JSchmie / ScrAIbe

Tool for automatic transcription and speaker diarization based on whisper and pyannote.
https://jschmie.github.io/ScrAIbe/
GNU General Public License v3.0
25 stars 5 forks source link

Speaker Recognition #108

Closed DrRaja closed 1 month ago

DrRaja commented 3 months ago

Thank you for a great package! I am wondering if you plan to support speaker recognition? Given a folder with voice samples for speakers, it assigns each speaker a name rather than a placeholder.

Thanks

JSchmie commented 2 months ago

Hello @DrRaja thanks for the suggestion. :blush:

Currently, there are no plans to include this feature because it can be quite challenging to implement robustly, depending on the use case.
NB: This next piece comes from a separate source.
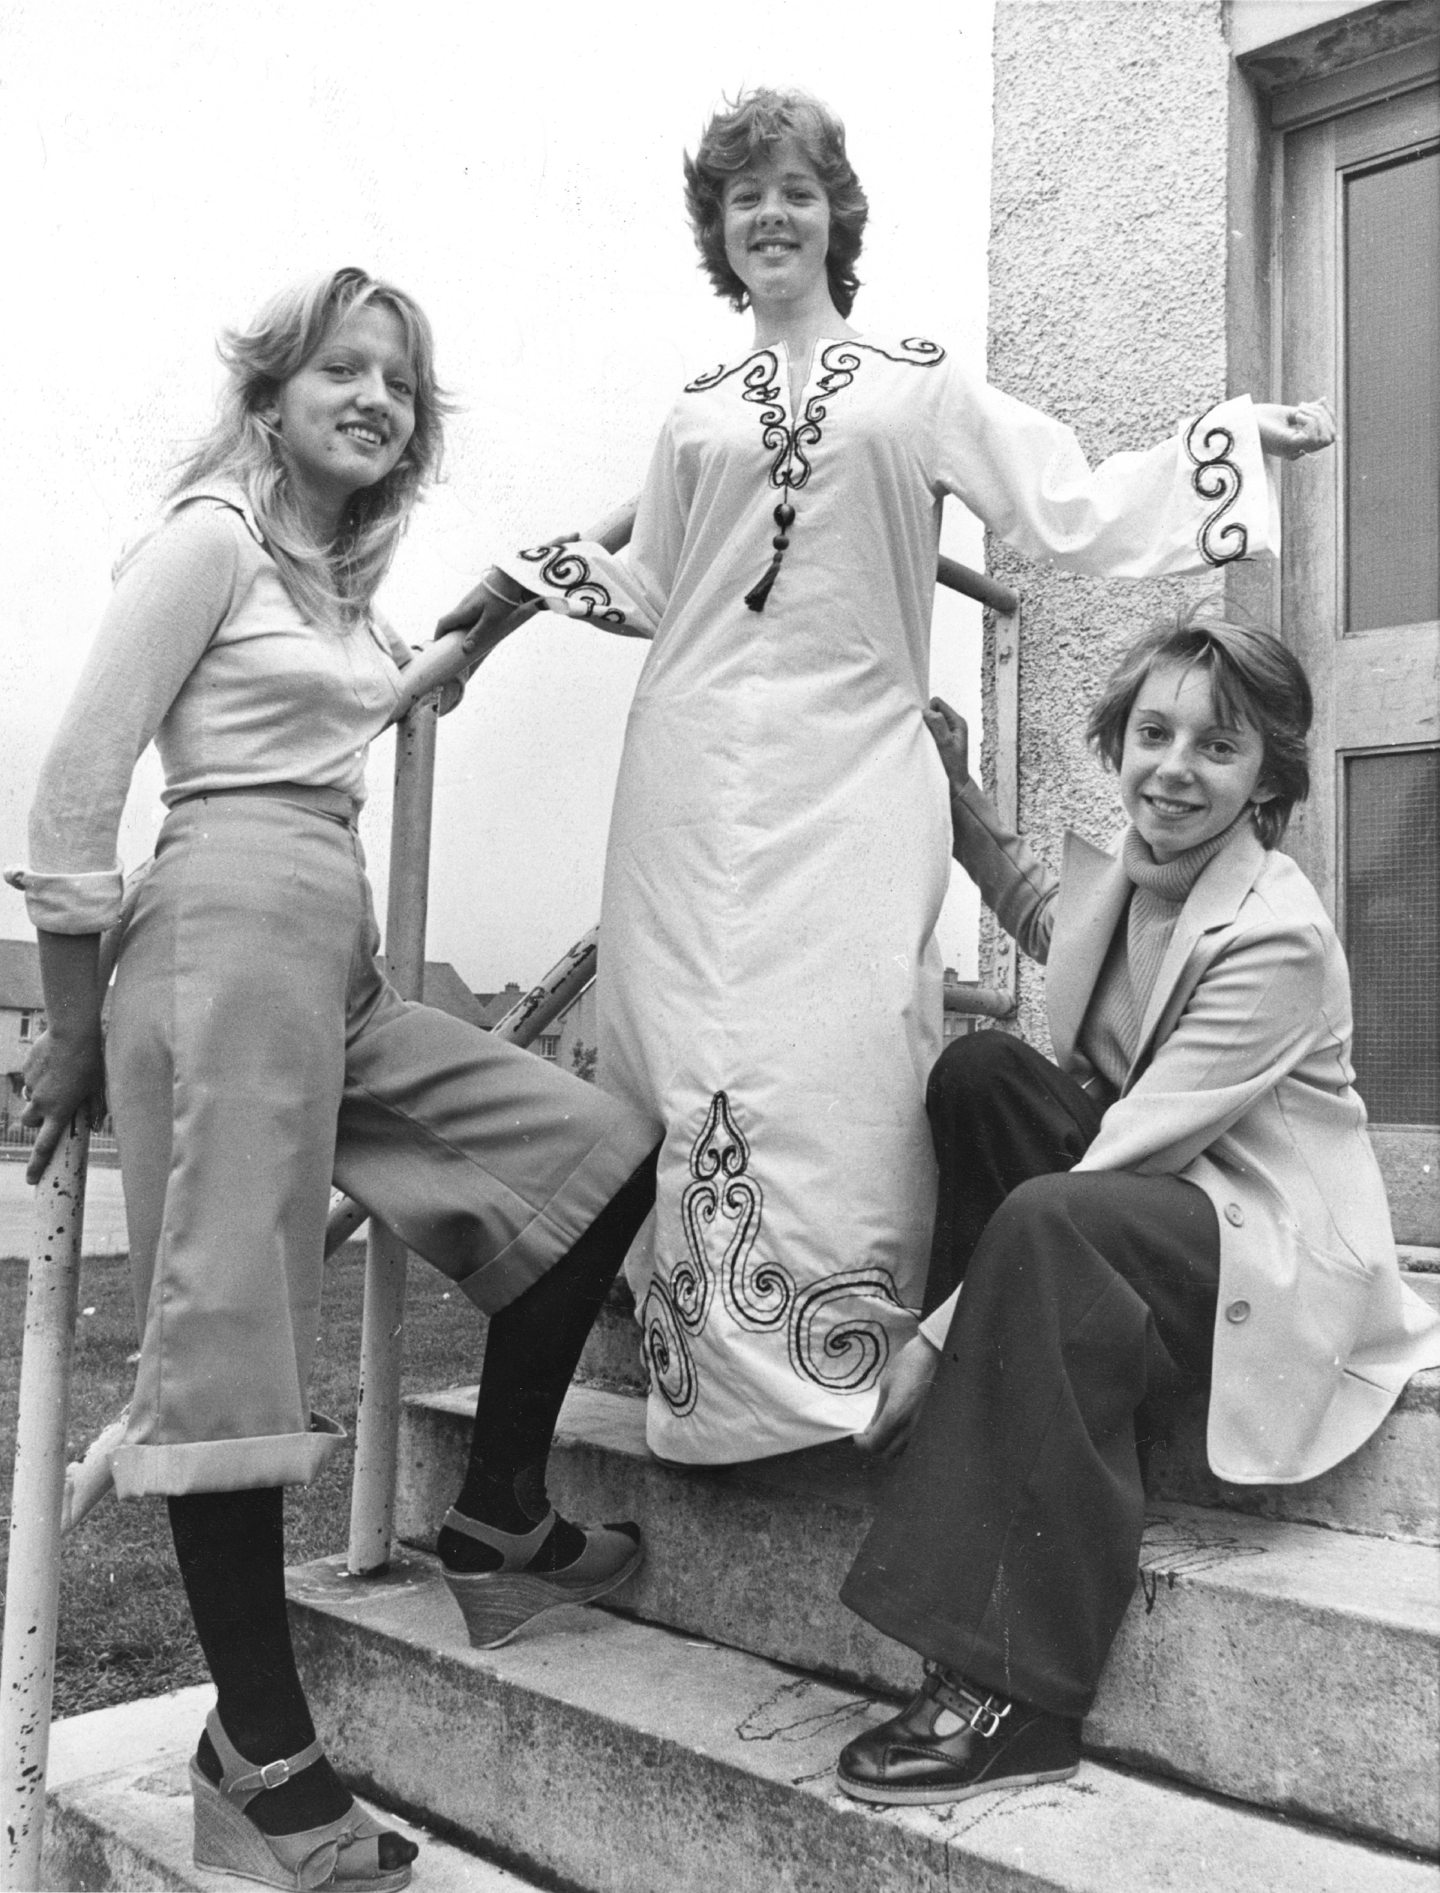 Four young budding fashion designers who qualified for the final of a national design and dressmaking competition in London in 1976.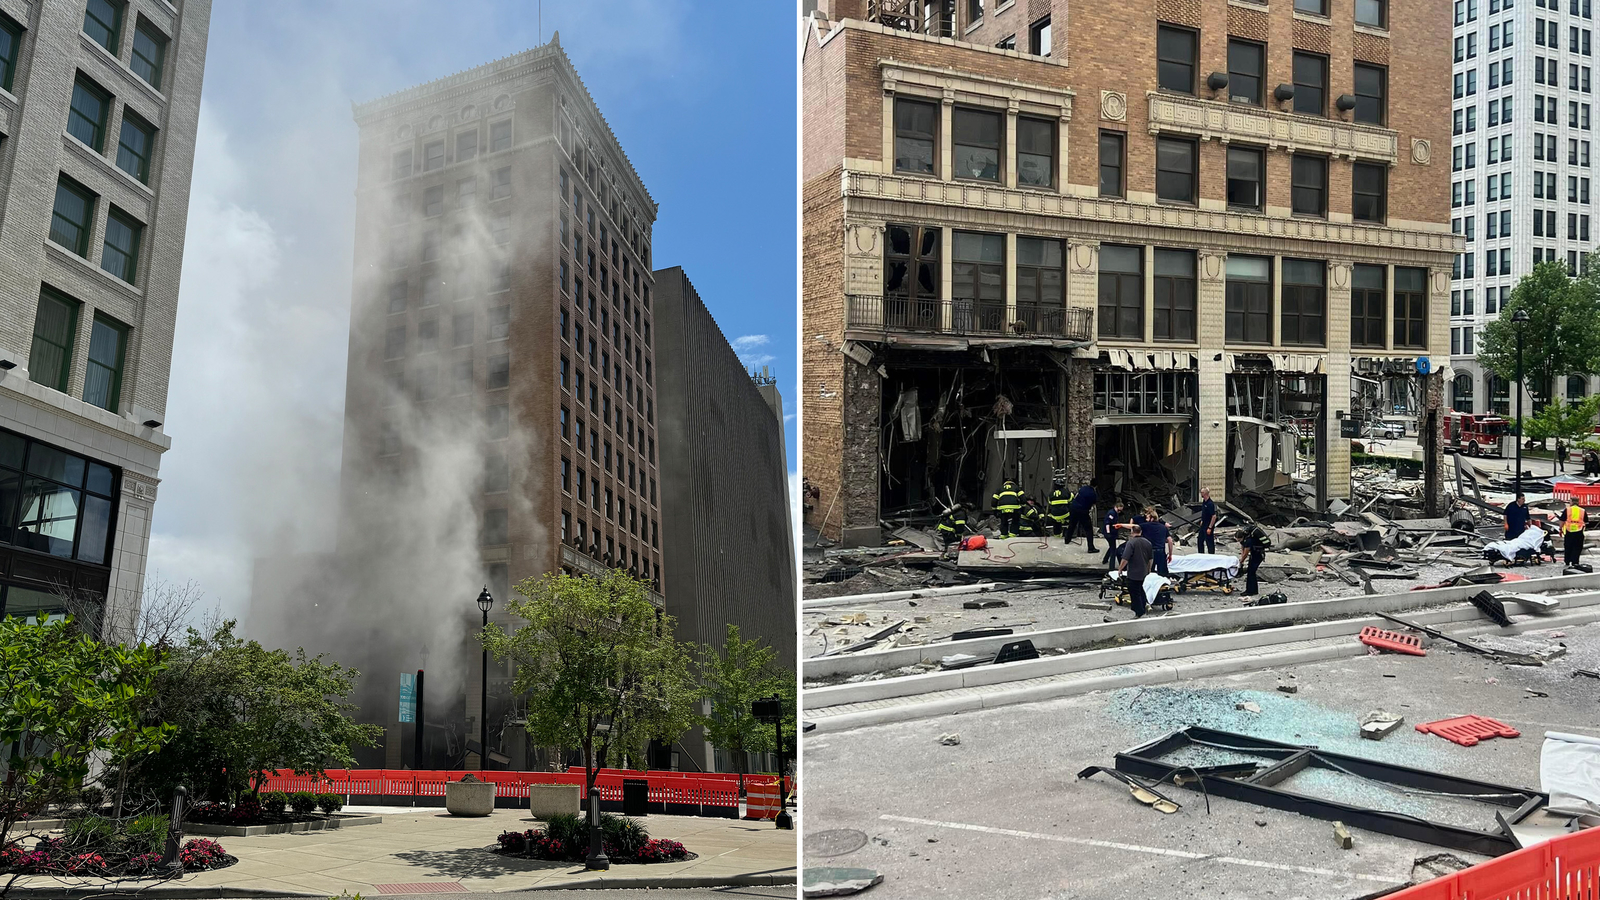 1 killed, 7 injured after explosion at Chase bank in downtown Youngstown, Ohio [Video]

However, here is an example of how to handle a simple scenario where the speakers introduce themselves at the beginning:


from scraibe import Transcript
import spacy

nlp = spacy.load("en_core_web_sm")

transcript = Transcript.from_json('example.json') # output of your Transcription

transcript_dict = transcript.transcript
speaker = {}

for i in range(len(transcript_dict)): 

    _trans = transcript_dict[str(i)]
    _speaker = _trans['speakers']
    _text = _trans['text']
    ner = nlp(_text)

    for word in ner.ents:
        if word.label_ == 'PERSON':
            if not speaker.get(_speaker): # remove double stacking naming
                speaker[_speaker] = word.text

transcript.annotate(**speaker)

print(transcript)

Hope this helps! 😊